One consistent finding was dislike for reading on a PC monitor. When asked to rate their satisfaction on a scale of 1-7, with 7 being the best score, readers rated the monitor an "abysmal 3.6," Nielsen said. On the other hand, the iPad, Kindle 2 and printed book scored fairly high at 5.8, 5.7 and 5.6, respectively.

According to the study, readers felt uncomfortable with the PC because it reminded them of work. With the iPad and Kindle 2, study participants found the former heavy, while the latter featured less-crisp gray-on-gray letters.

People also disliked the lack of true pagination in the devices, and preferred the way the iPad indicated the amount of text left in a chapter. In the study, the firm used the iBooks application that comes with the iPad.

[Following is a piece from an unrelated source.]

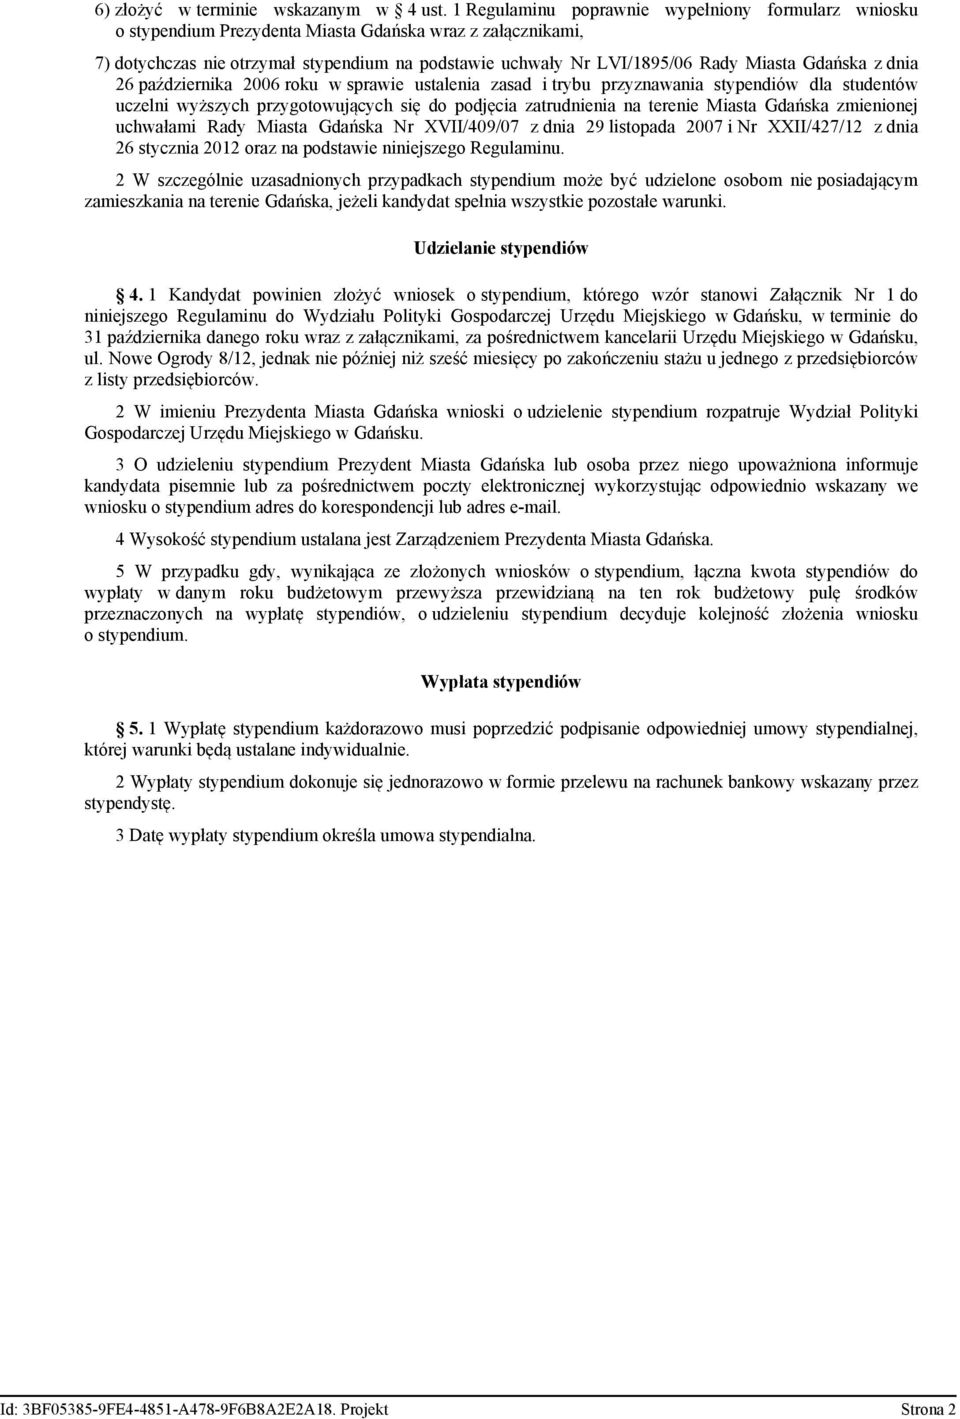 Gdańska z dnia 26 października 2006 roku w sprawie ustalenia zasad i trybu przyznawania stypendiów dla studentów uczelni wyższych przygotowujących się do podjęcia zatrudnienia na terenie Miasta

"(Overall,) users felt that reading the printed book was more relaxing than using electronic devices," Nielsen said.

The study indicates that the future is promising for adoption of e-readers and tablet computers, particularly since manufacturers are developing higher-quality screens and adding other improvements.

For example, Apple's iPhone 4 "retina display" at 326-pixels-per-inch is considerably better than the previous generation iPhone used in the study. Also, Amazon is scheduled to ship this week a premium version of the Kindle with a higher contrast digital paper display. The new Kindle DX is using the latest E Ink technology, which is likely to eventually be added to the standard Kindle.

In addition to improvements in hardware, e-reader prices are falling substantially. Amazon and rival Barnes & Noble have both recently slashed prices of the Kindle and Nook, respectively.

The Association of American Publishers says e-book sales jumped 127.4% in April from the same month a year ago to $27.4 million. Sales for the first four months of this year are up 217.3% from the same period a year ago.